▶ TASK REQUIREMENTS:
Leave every picture out and return the rest of the listing verbatim.

▶ PROVIDED DATA:
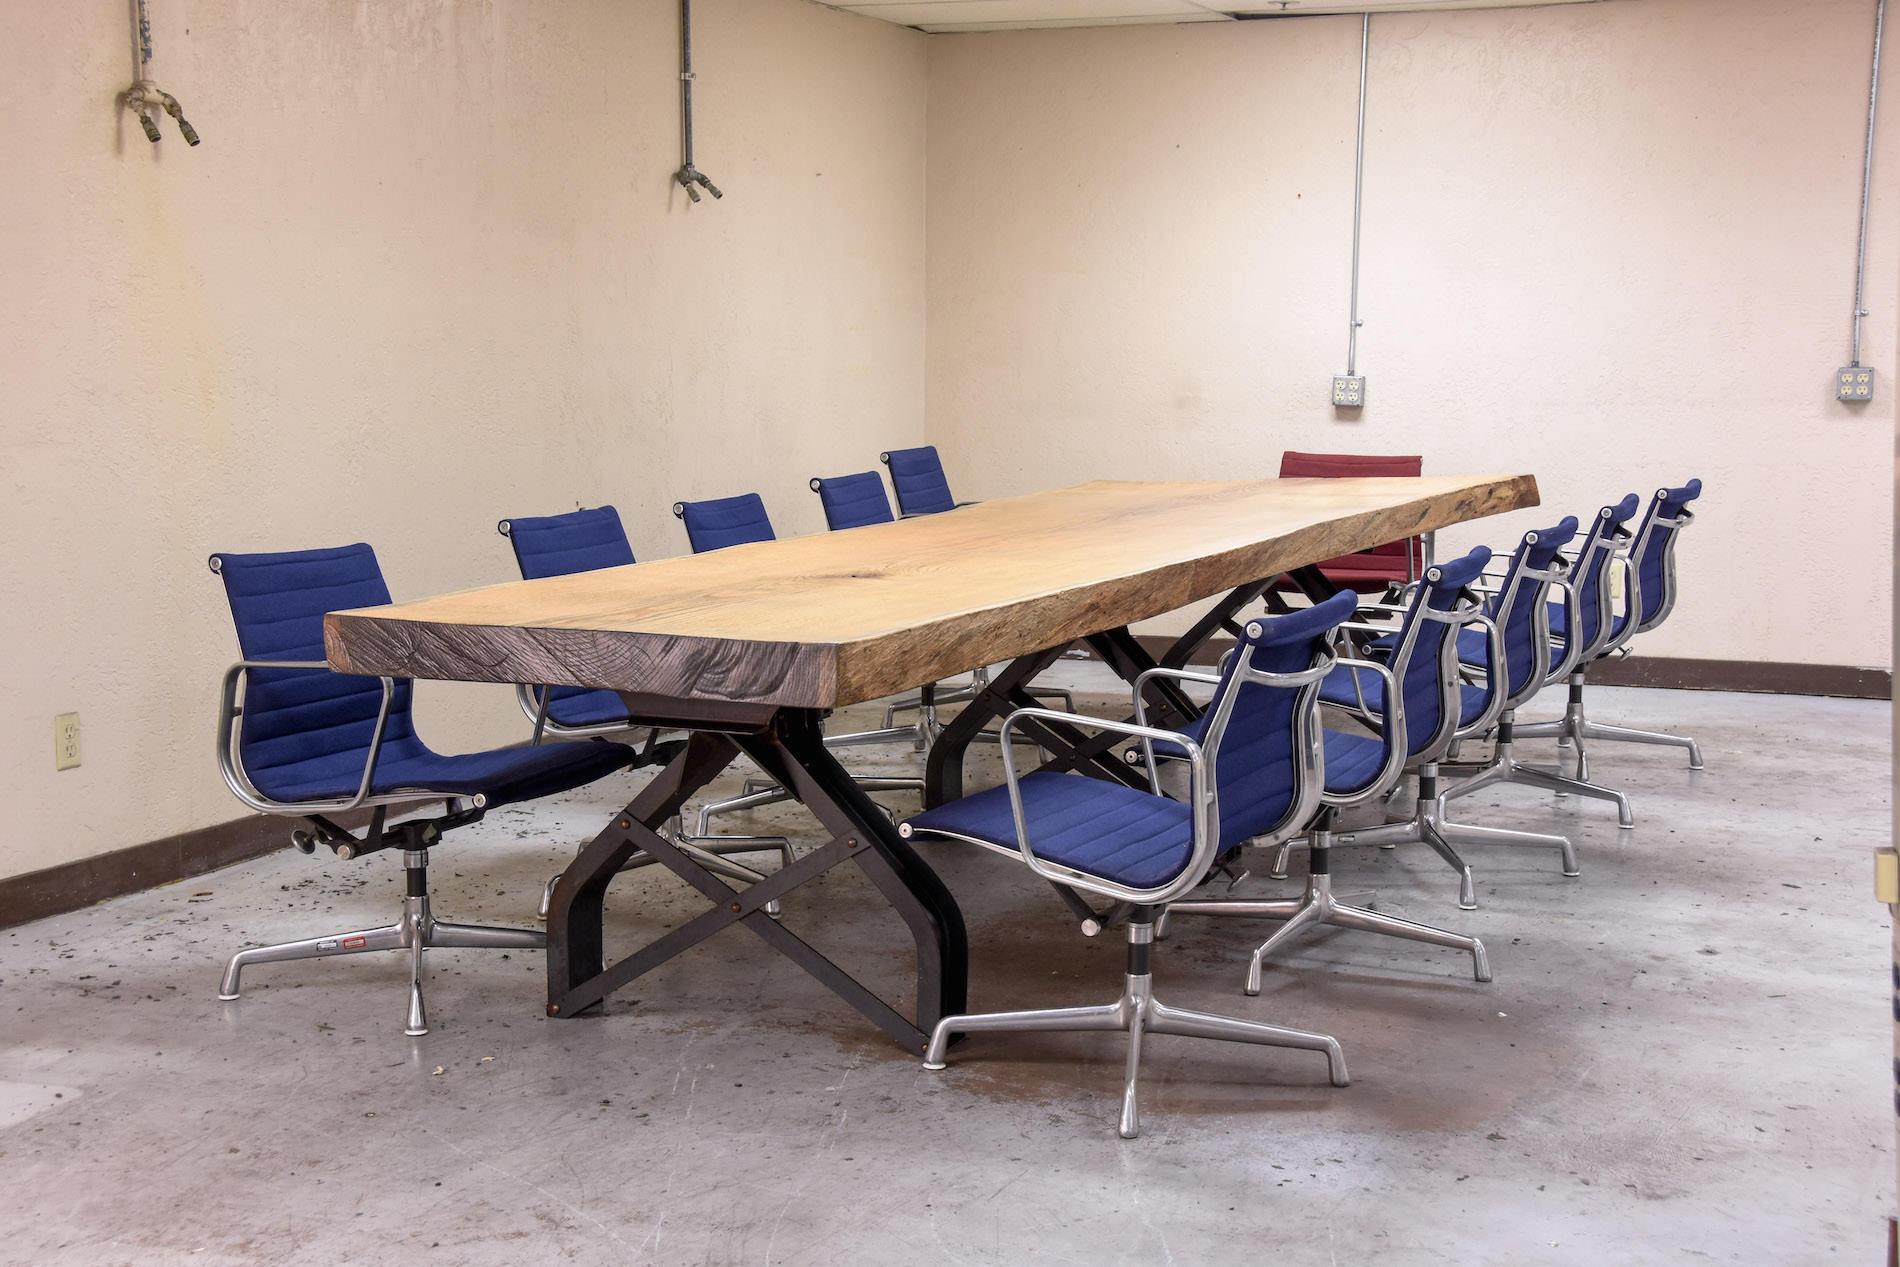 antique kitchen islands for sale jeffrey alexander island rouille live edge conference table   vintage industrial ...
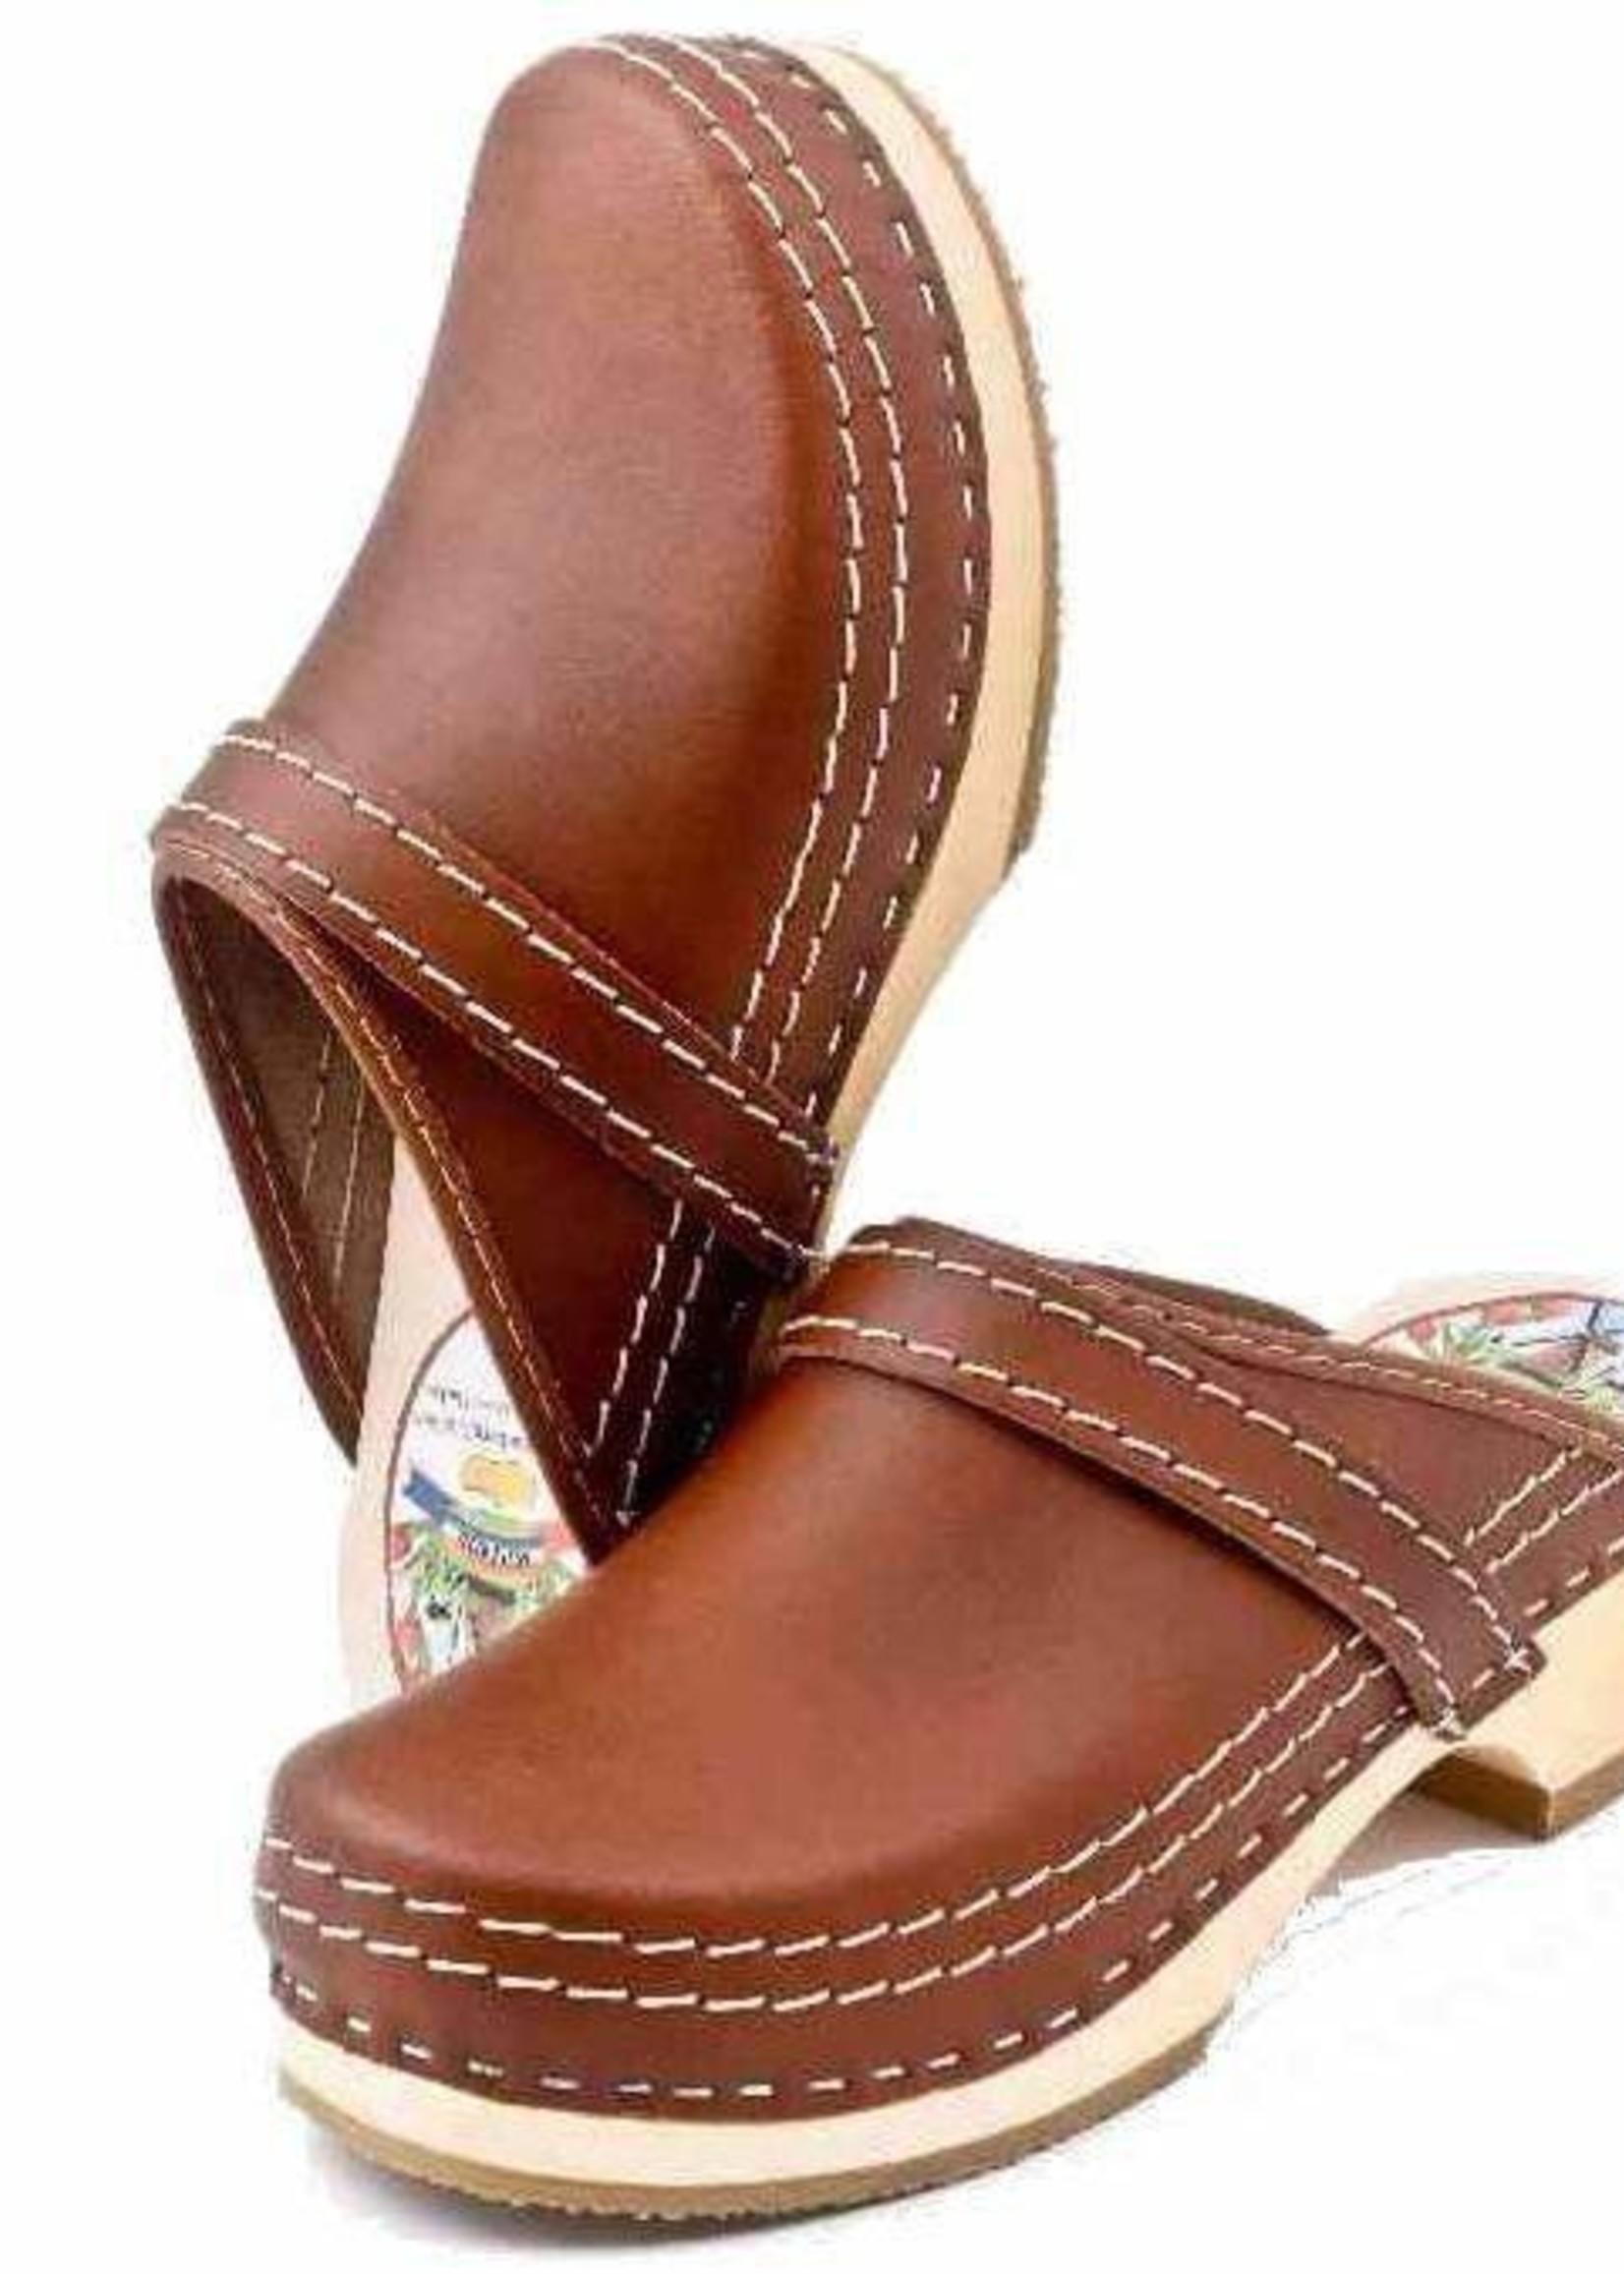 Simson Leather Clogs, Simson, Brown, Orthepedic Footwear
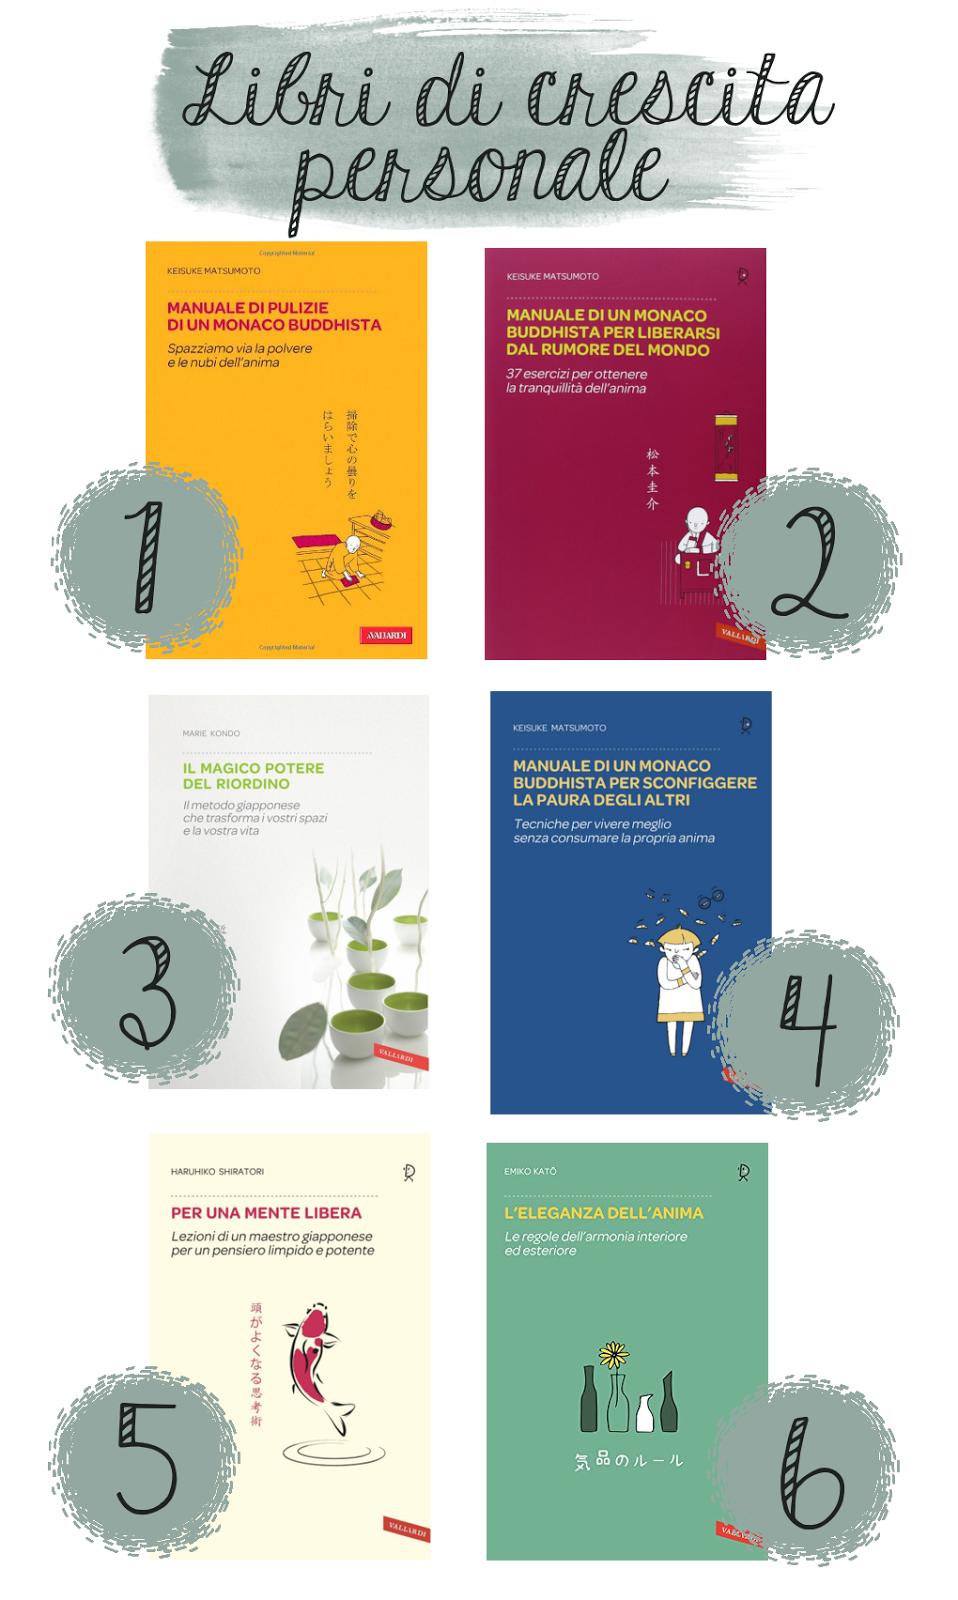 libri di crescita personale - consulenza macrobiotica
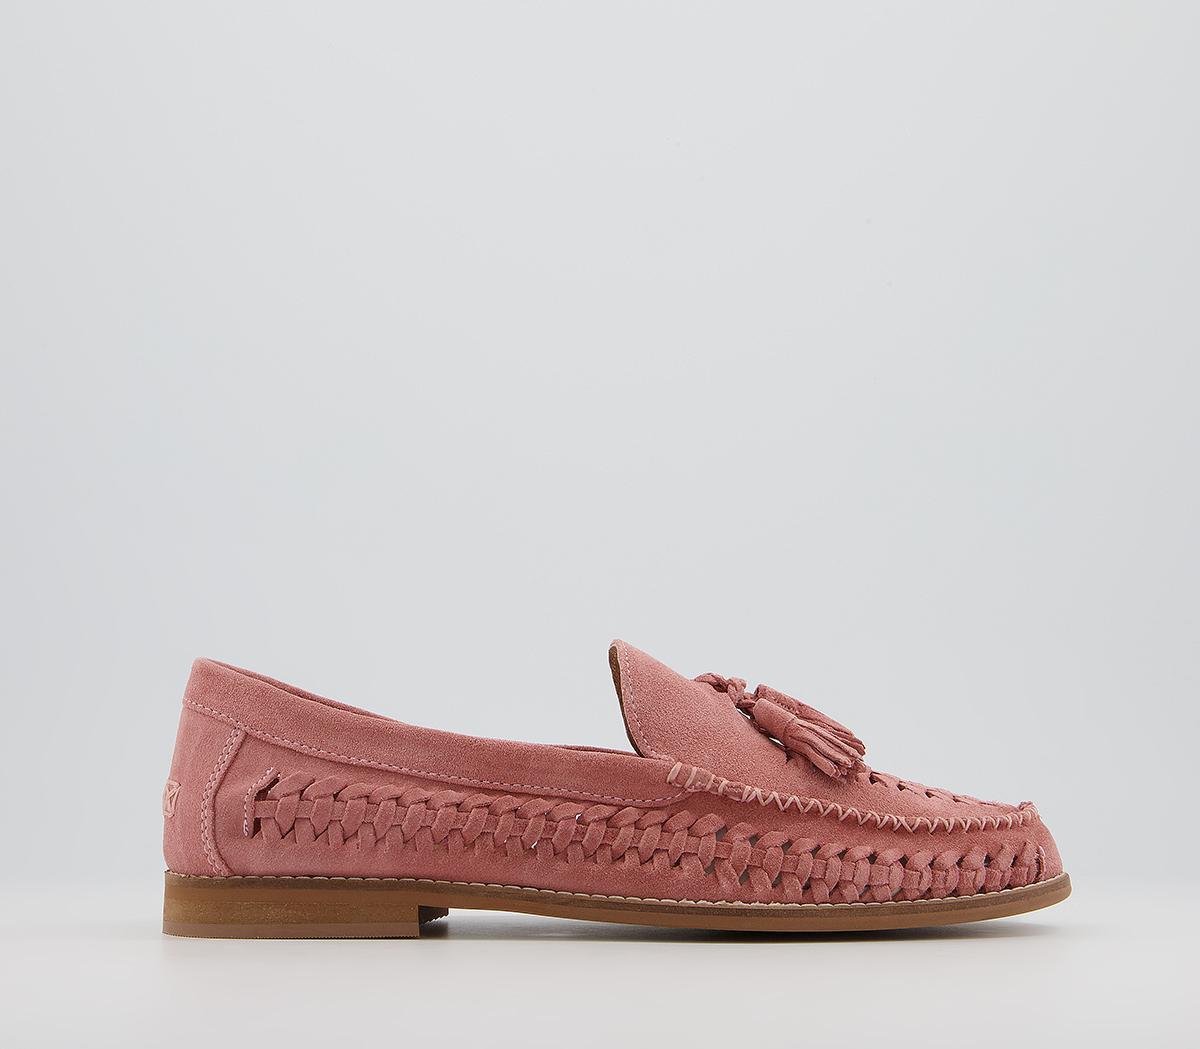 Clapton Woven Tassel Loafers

▶ RESPONSE TO THIS EXERCISE:
 antique kitchen islands for sale jeffrey alexander island rouille live edge conference table   vintage industrial ...
 Simson Leather Clogs, Simson, Brown, Orthepedic Footwear
 libri di crescita personale - consulenza macrobiotica
 Clapton Woven Tassel Loafers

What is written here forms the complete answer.